Nearly Legal: Housing Law News and Comment

Time isn’t on your side

as the Rolling Stones didn’t quite say. In Re 28 Pallant House [2013] UKUT 327 (LC), the Upper Tribunal was faced with an application for permission to appeal out of time. The appellant was the long leaseholder of a flat; LB Southwark was her landlord. There had been an LVT hearing concerning disputed service charges in which Southwark had been mostly successful. The LVT decision was issued on April 20, 2011.

On April 25, 2013 (i.e. almost two years after the LVT decision), the appellant sought permission to appeal. The LVT refused that application, noting that applications for permission to appeal had to be made within 21 days of the date on which the decision was sent to the parties and that no application had been made to extend that time. The LVT noted that it had no power to extend time once the 21 days had passed (note, it was wrong about that, see Grosvenor Estate Belgravia v Adams [2008] RVR 173).
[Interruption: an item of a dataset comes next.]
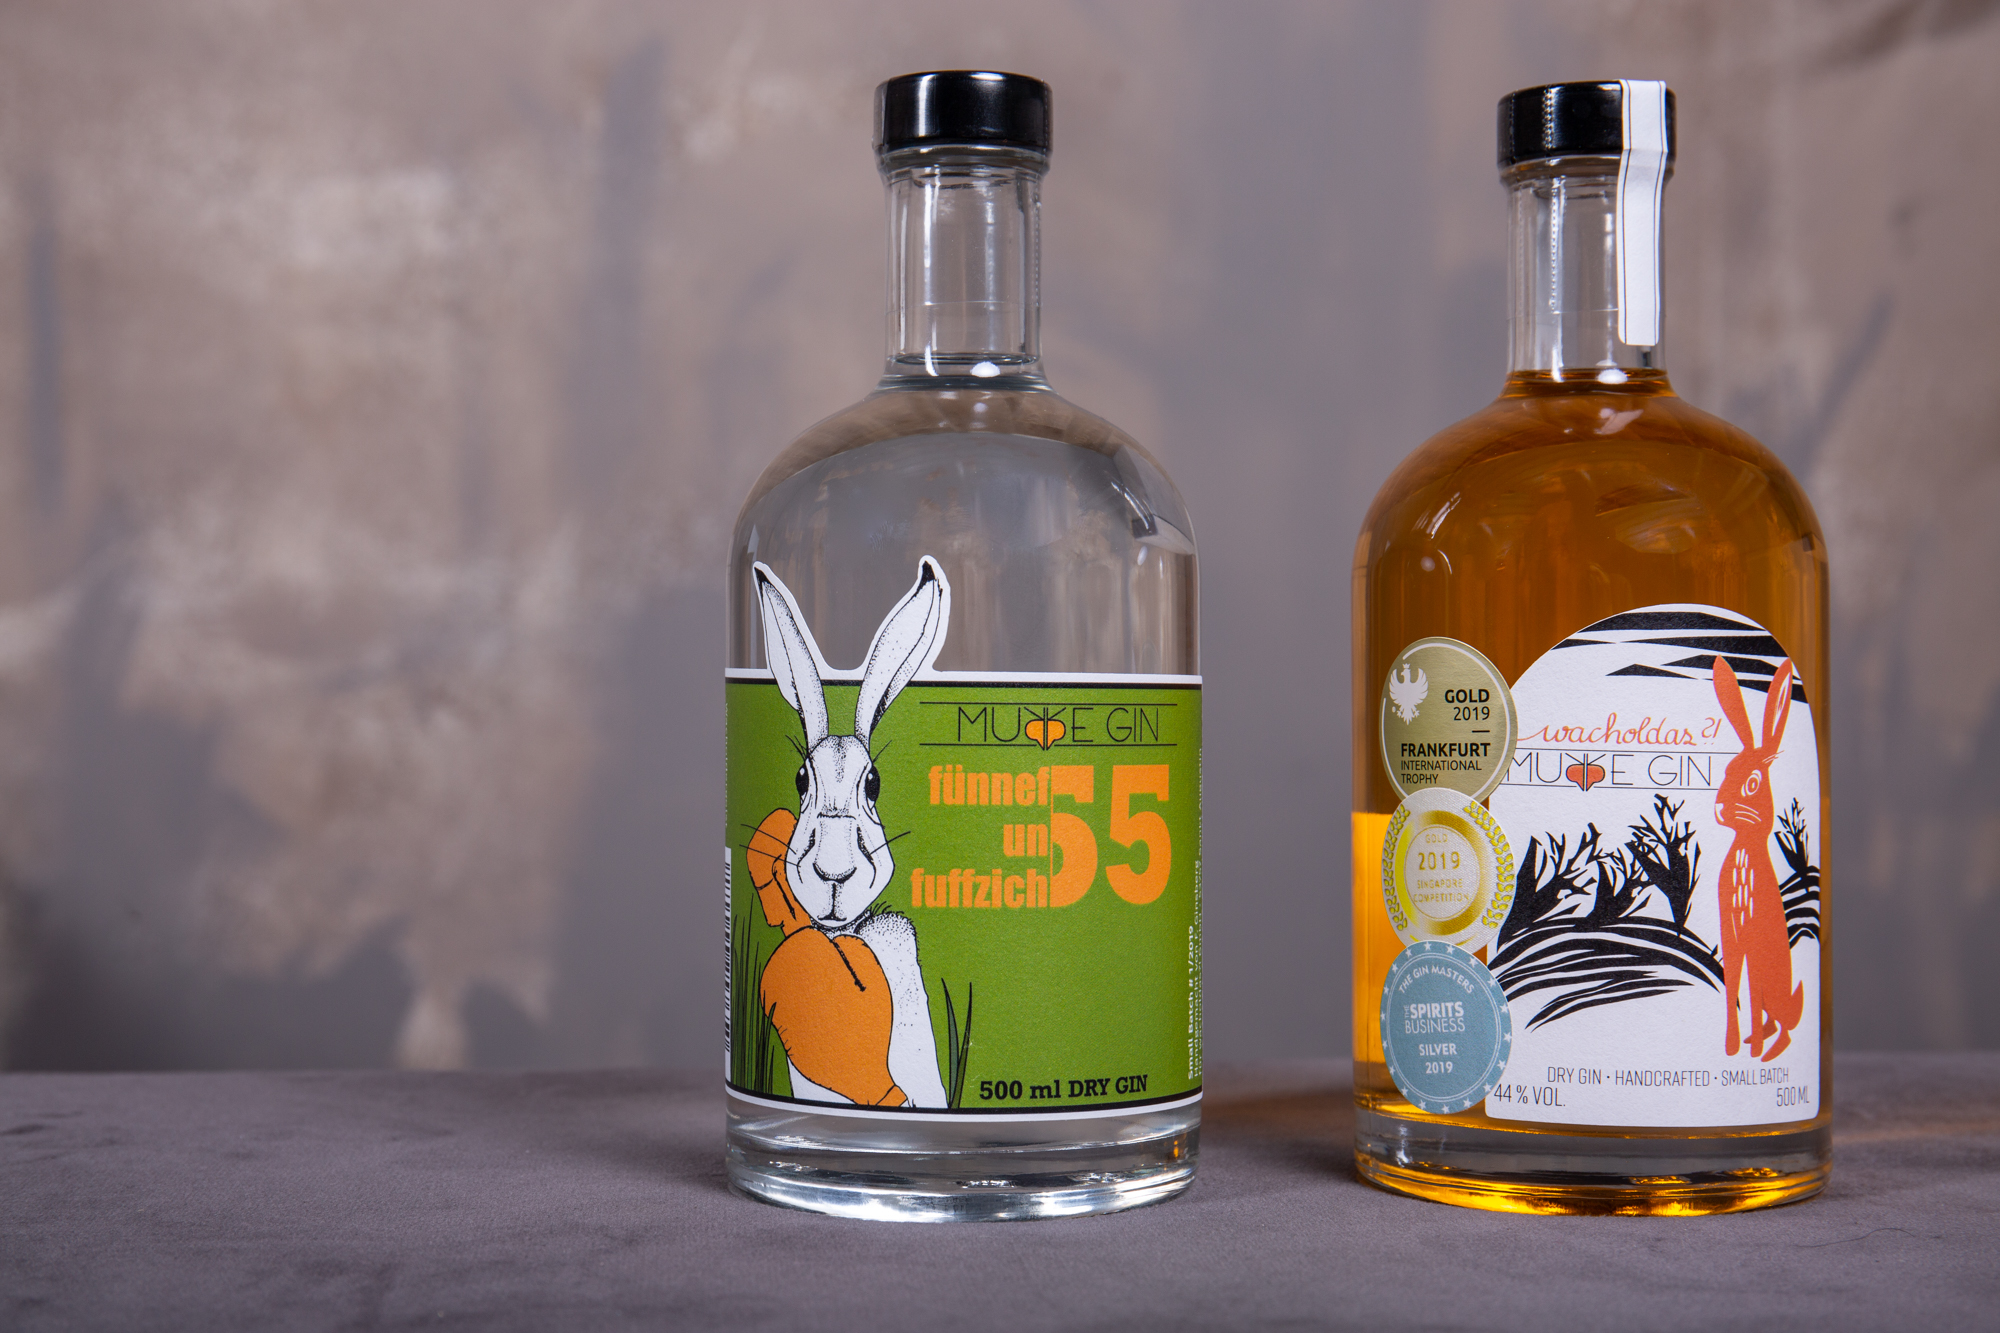 Murre Gin neben dem Fünnefunfuffzich - dank der 55% Alkohol ist der Fünnefunfuffzich präsenter in Cocktails und bringt seine Botanicals auch beim puren Genuss stärker hervor

The appellant then sought permission to appeal to the Upper Tribunal. The appeal application was again filed out of time. Now, the Upper Tribunal does have power to hear applications for permission to appeal out of time, but only if it is in “the interests of justice” to do so (reg.21(6), UT(LC) rules).

The appellant argued that the LVT had not properly informed her of her rights to appeal, and relied on Sch.1 of the Tribunal Procedure (First Tier Tribunal) Rules 2008. The only problem with that was, of course, that those rules didn’t apply to the LVT.

The merits of the underlying appeal was as follows. In a subsequent case involving Southwark (LB Southwark v Woelke), the LVT had found that Southwark hadn’t demanded service charges in accordance with the lease, such that nothing was owing. The appellant in the present case wanted to rely on that decision.

The problem, said the Deputy President of the UT, was that she hadn’t taken this point before the LVT. And she was out of time. And there was a principle of finality in litigation. And the Woelke case had just resulted in Southwark issuing fresh demands (i.e. it had delayed, not extinguished, liability). In short, it was not in the interests of justice to permit the appeal to proceed after such a long delay.